Replies to post #29109 on Amarin Corp Plc (AMRN)

[BioChica]

Actually, even the sponsor should not do this unless totally necessary. The FDA is a bit anal about the sponsor taking a peak!

7.2. Accessing Interim Data

As discussed above, accessing interim data by the sponsor carries many risks, not all of which may be fully appreciated by the sponsor. We recommend that sponsors contact FDA before initiating communication with the DMC regarding access to interim data from a trial likely to be an important part of a regulatory submission.

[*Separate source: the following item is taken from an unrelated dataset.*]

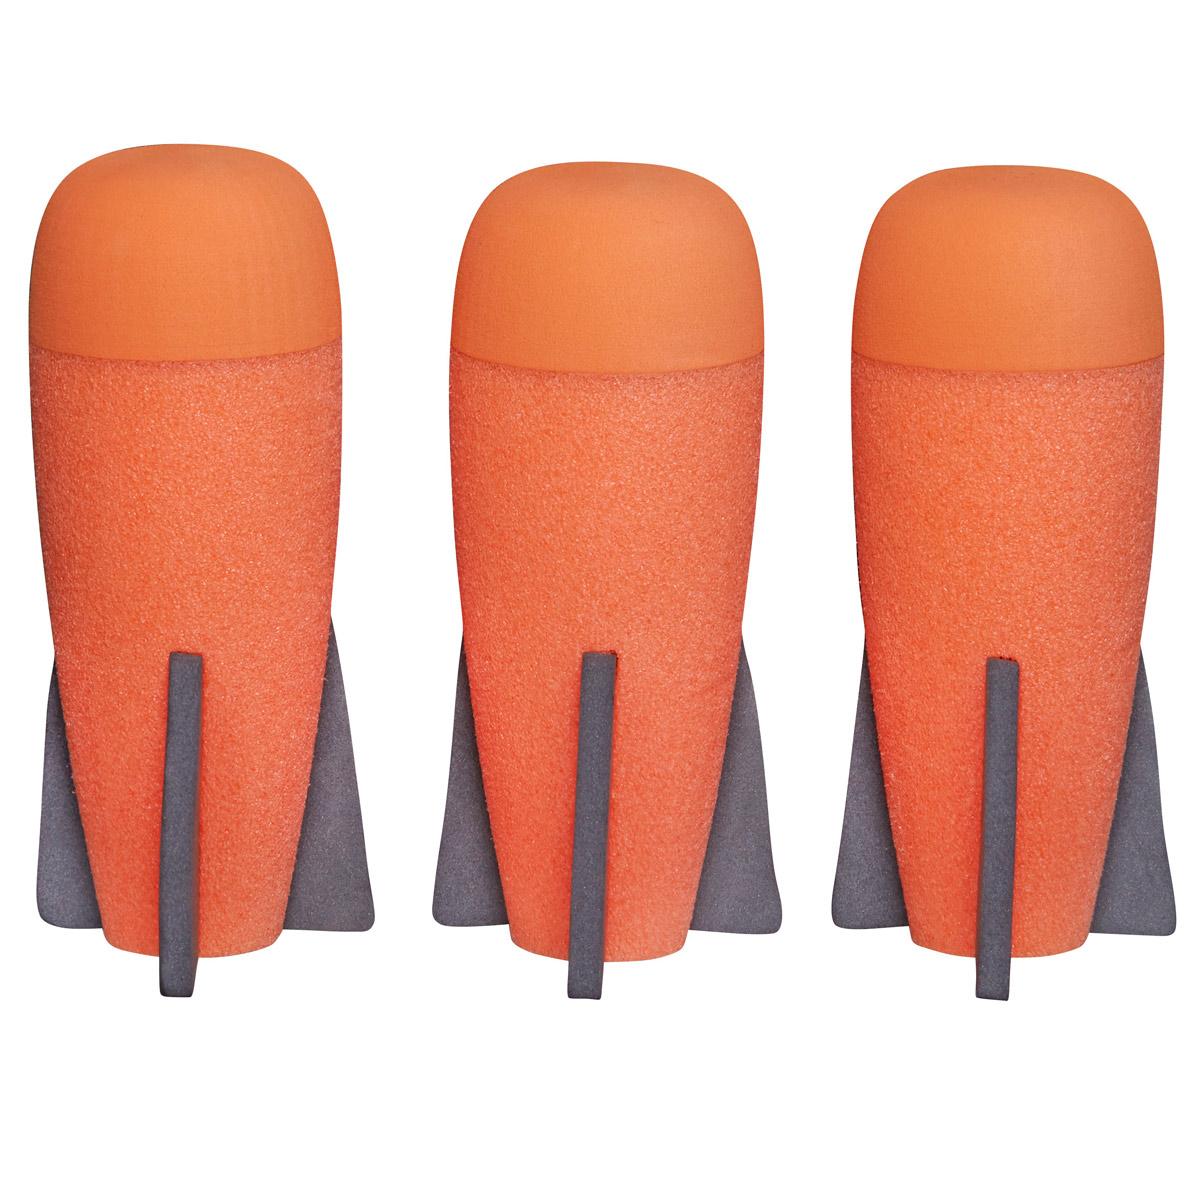 Nerf N-Strike Elite Набор ракет 3 штA8951EU4_оранжевыйНабор Nerf N-Strike Elite состоит из 3 безопасных ракет яркого цвета, выполненных из мягкого и гибкого вспененного полимера и поролона. Обтекаемая и динамичная конструкция ракет позволяет стрелять более прицельно, делая игру еще более интересной. Ракеты Nerf Rebelle подходят для бластеров  Разрушитель серии N-Strike Elite.

While FDA permission is not required, a discussion regarding the potential risks and implications of that action and of methods to limit the risks may contribute to informed decision making.

[BioChica]

Also, if for good reason the FDA may take a peak. But not likely, but possible with the legal SNAFU, who knows, with Amarin they opened a can of worms, doing things they have never done before.

7.2.2. FDA Interaction with DMCs

In rare cases, we may wish to interact with a DMC of an ongoing trial to ensure that specific issues of urgent concern to FDA are fully considered by the DMC or to address questions to the DMC regarding the consistency of the safety data in the ongoing trial to that in the earlier trials, to optimize regulatory decision-making.

[invest2992]

DMC can also halt for efficacy. If 30% fewer deaths in Vascepa arm than placebo arm, DMC would be morally bound to stop reduce-it early. Just saying.